Ср. у Пушкина об Онегине:
Он рыться не имел охотыВ хронологической пылиБытописания земли:Но дней минувших анекдотыОт Ромула до наших днейХранил он в памяти своей.
(I. VI. 9–14)
В «Подвиге» дядя Генрих дарит Мартыну на рождение «черную статуэтку, ненужную вещицу» (с. 47) и говорит: «В семнадцать лет человек уже должен думать об украшении своего будущего кабинета» (с. 48). Ср. у Пушкина:
Все, что в Париже вкус голодный,Полезный промысел избрав,Изобретает для забав,Для роскоши, для неги модной, —Все украшало кабинетФилософа в осьмнадцать лет.
(I. XXIII. 9–14)
Пушкинская и онегинская страсть к полированию ногтей наследуется в «Подвиге» отцом и дядей Мартына: «пуще всего пилочка, которой он (отец. — Н. Б.) во всякое время терзал мягкие ногти, выводили ее (мать. — Н. Б.) из себя… (с. 15). Дядя Генрих, став женихом Софьи Дмитриевны, „однажды даже вынул пилочку и начал с приятной грустью шмыгать ею по ногтям…“» (с. 118). И отец, и дядя Генрих — швейцарцы. Пародийный смысл аллюзии в инверсивности ролей. Ср. у Пушкина:
Руссо (замечу мимоходом)Не мог понять, как важный ГримСмел чистить ногти перед ним…
(I. XXIV. 9–11)
Сочинения Руссо служат пародийной призмой, в которой преломляются набоковские отсылки к «Евгению Онегину».
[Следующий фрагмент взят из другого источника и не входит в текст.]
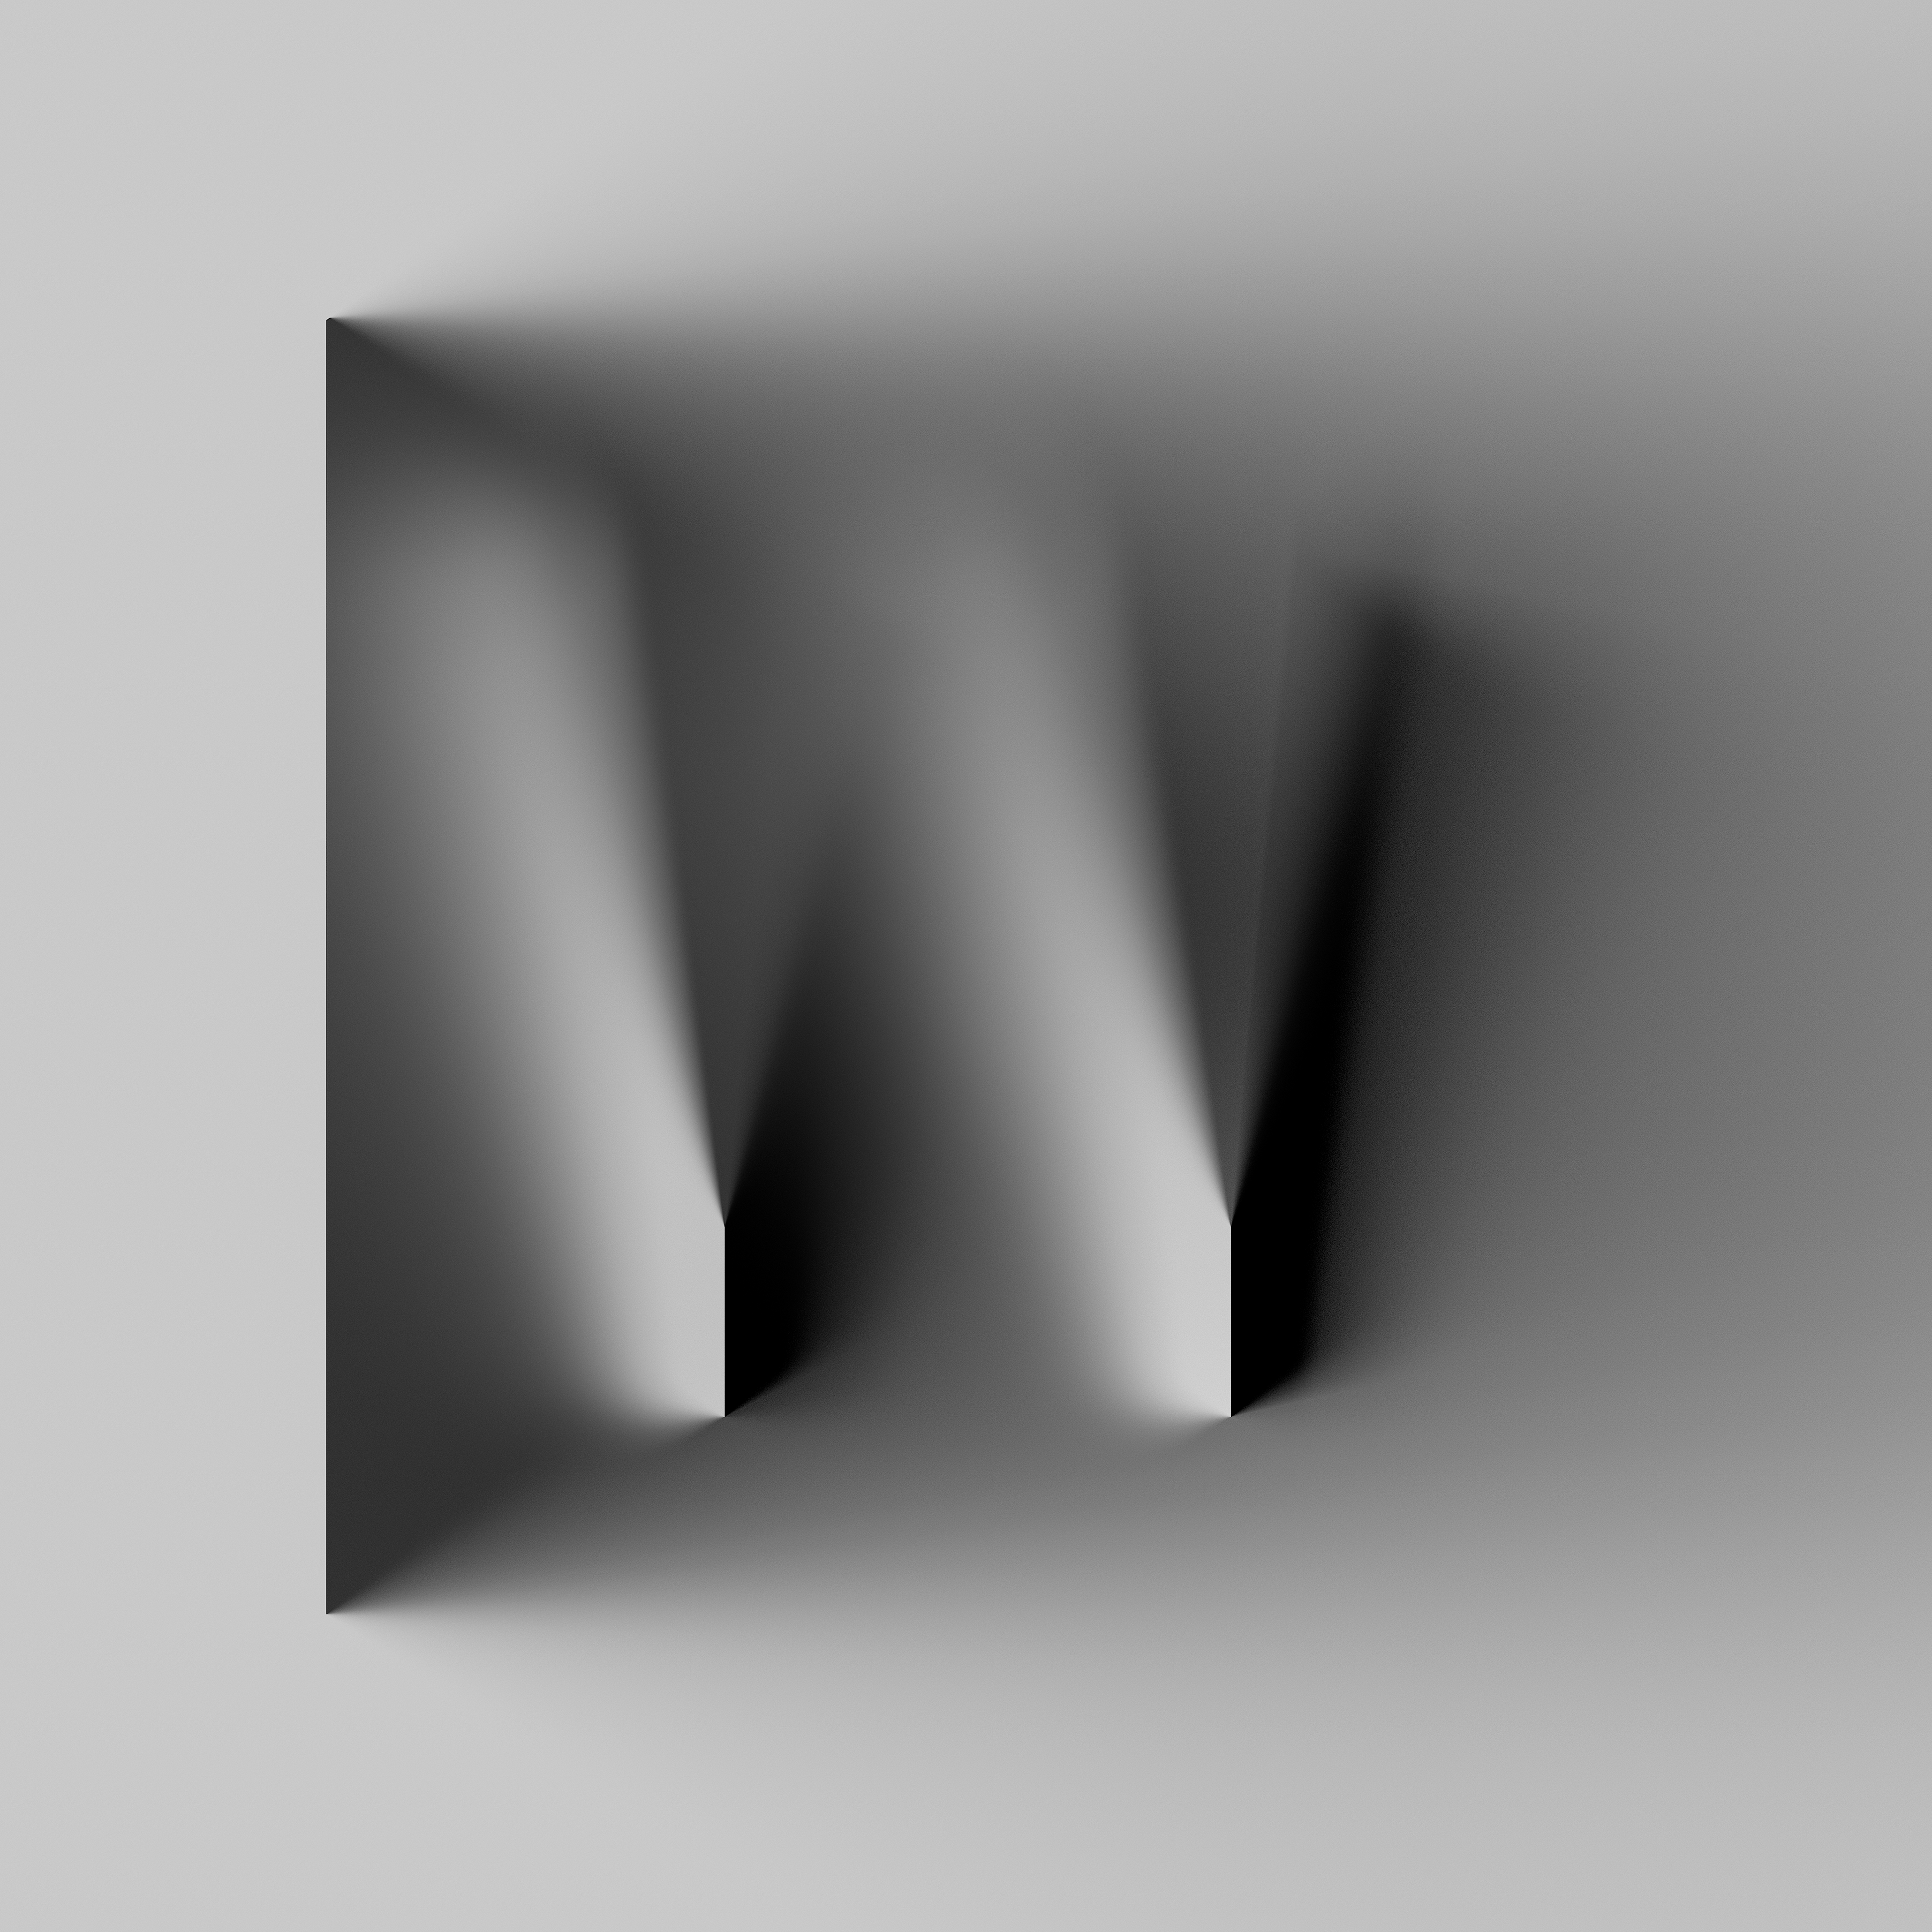 Pin On 2d Art Design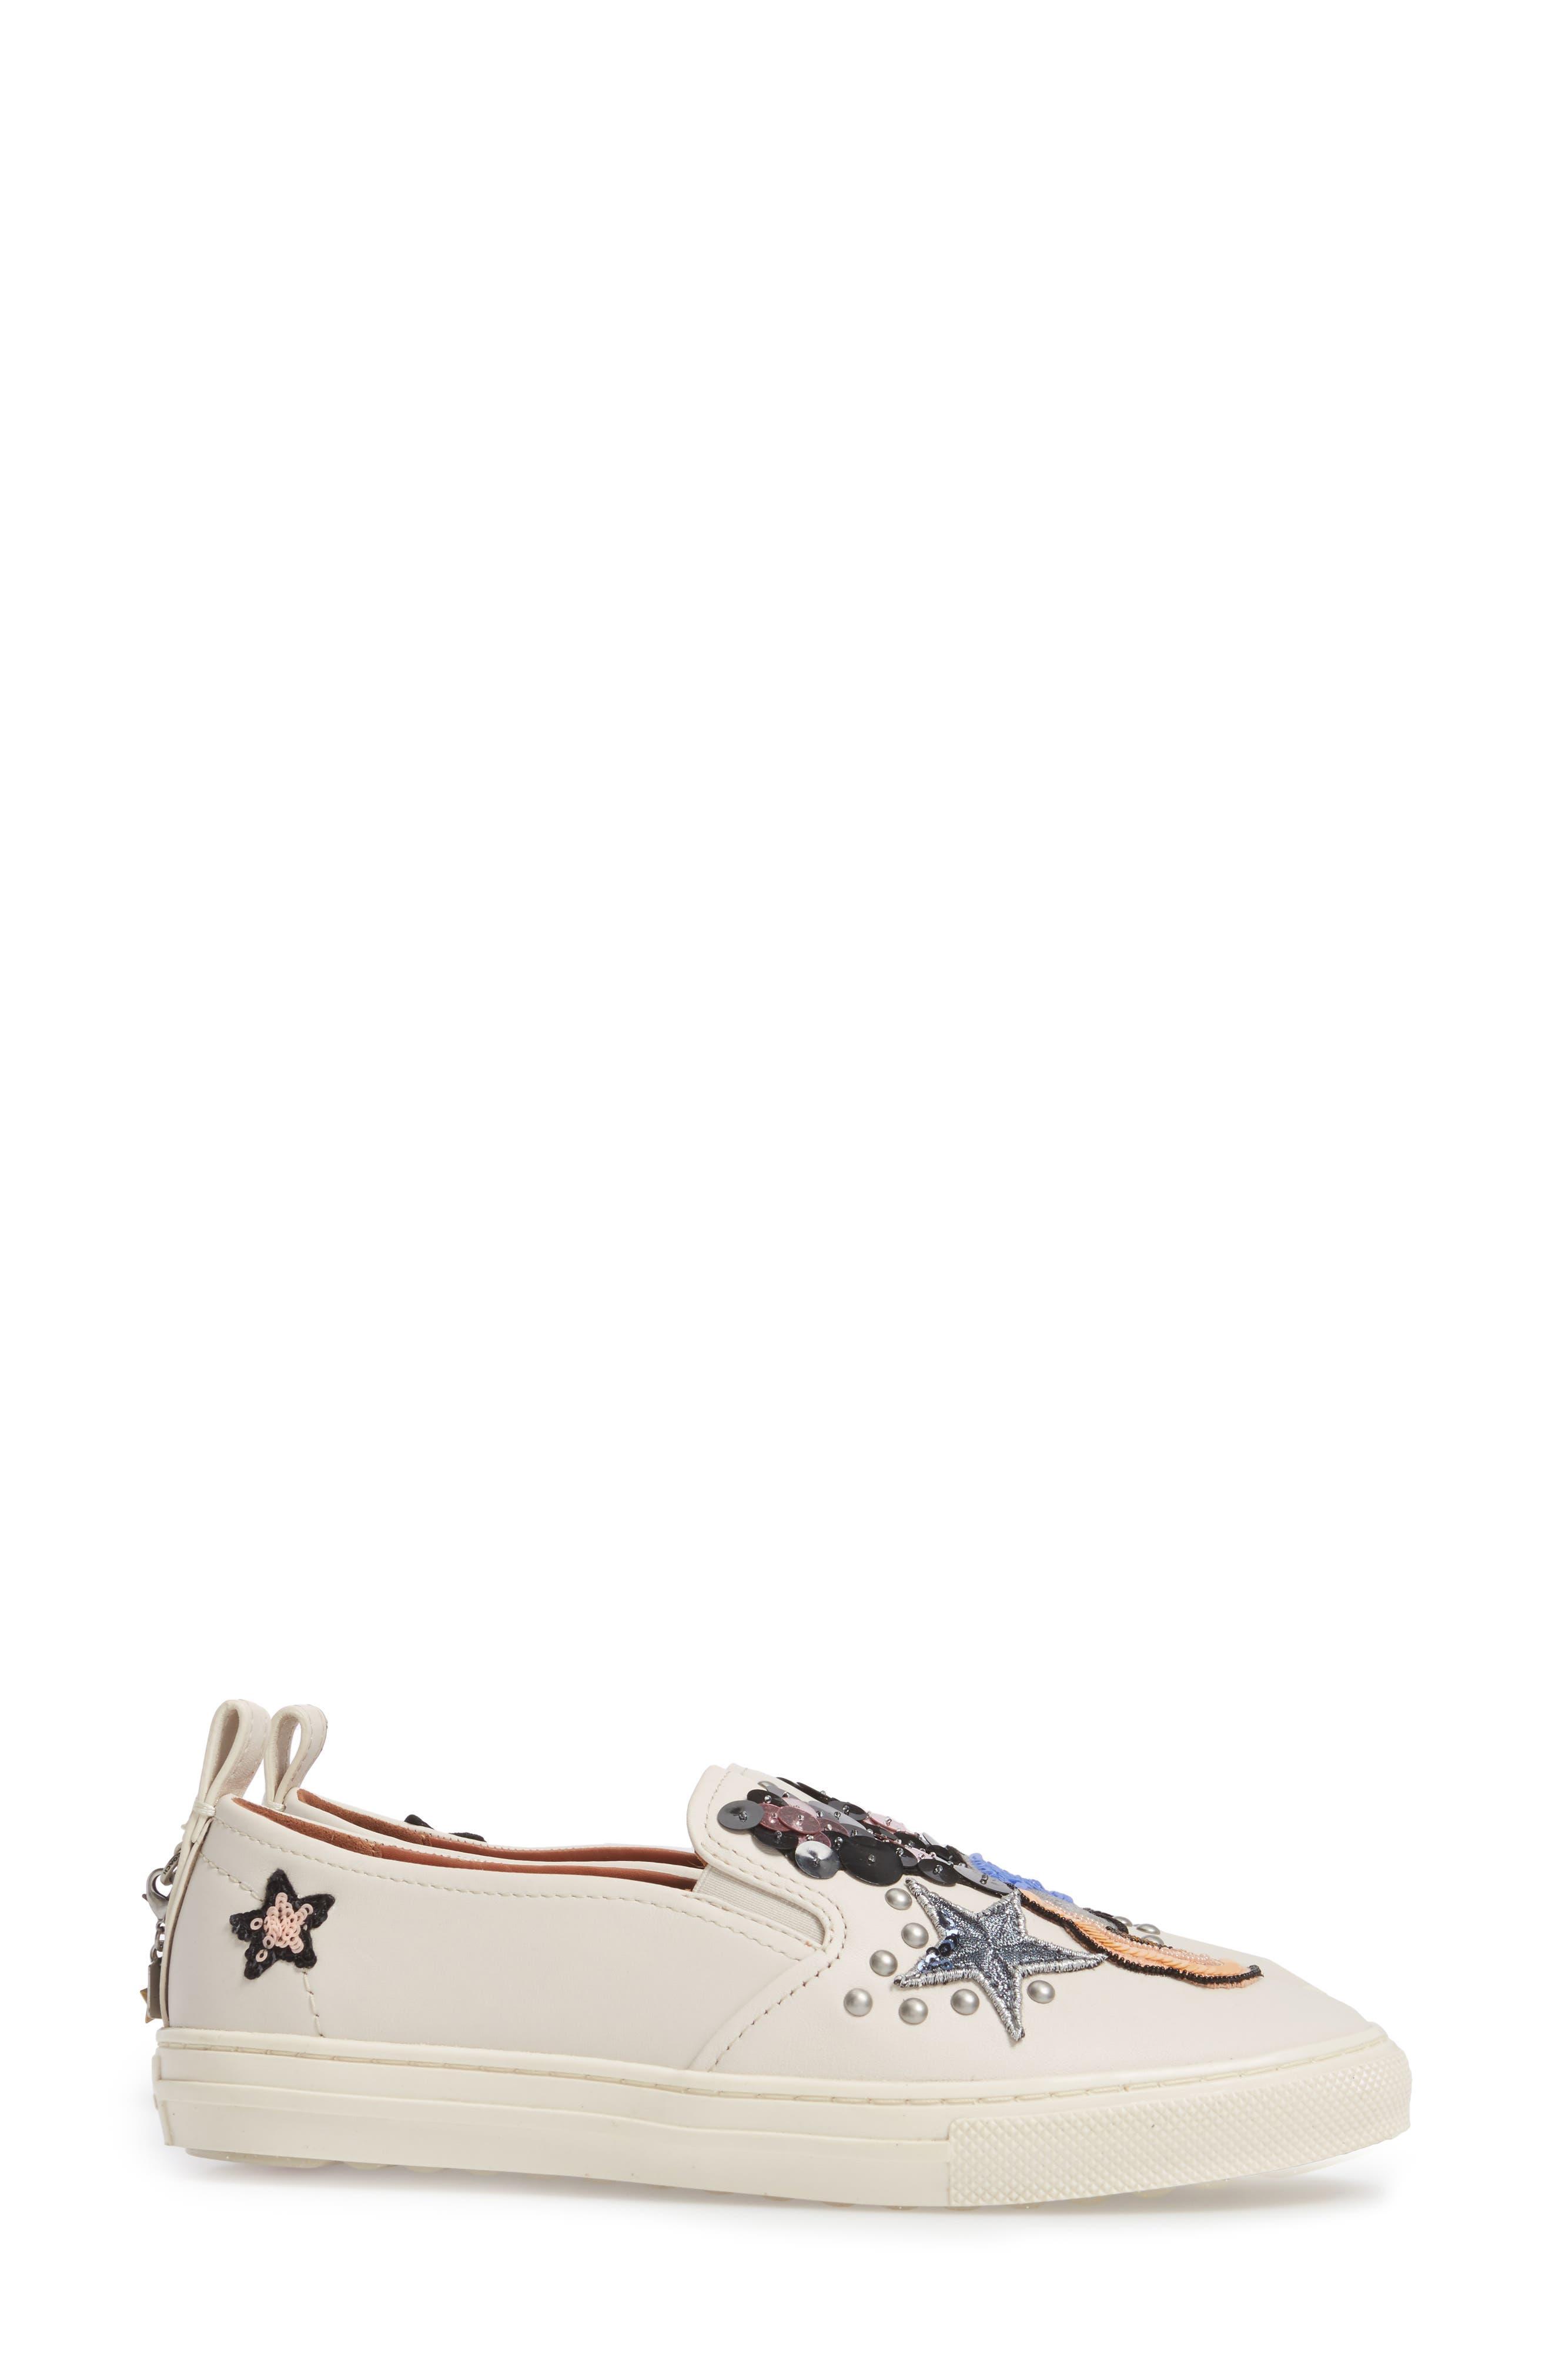 Star Patch Slip-On Sneaker,                             Alternate thumbnail 3, color,                             Chalk Leather

Завязка «Подвига» повторяет начало «Е. О.». У Пушкина действие дебютирует в первую неделю мая[106] известием об умирающем дяде, которое получает 25-летний Евгений. В «Подвиге» — весной 1918 года известием о смерти отца, которое 15-летнему Мартыну (с. 16) сообщает мать. Персонаж дяди, двоюродного брата отца, возникает в романе позднее. Уже в эмиграции мать Мартына выходит замуж за дядю Генриха, что Мартын воспринимает как «несомненную измену по отношению к памяти отца» (с. 119). Ситуация отсылает к «Гамлету» Шекспира. Пьеса включается в систему текстов, сопровождающих роман, перекличка с ней поддерживается на протяжении всего повествования.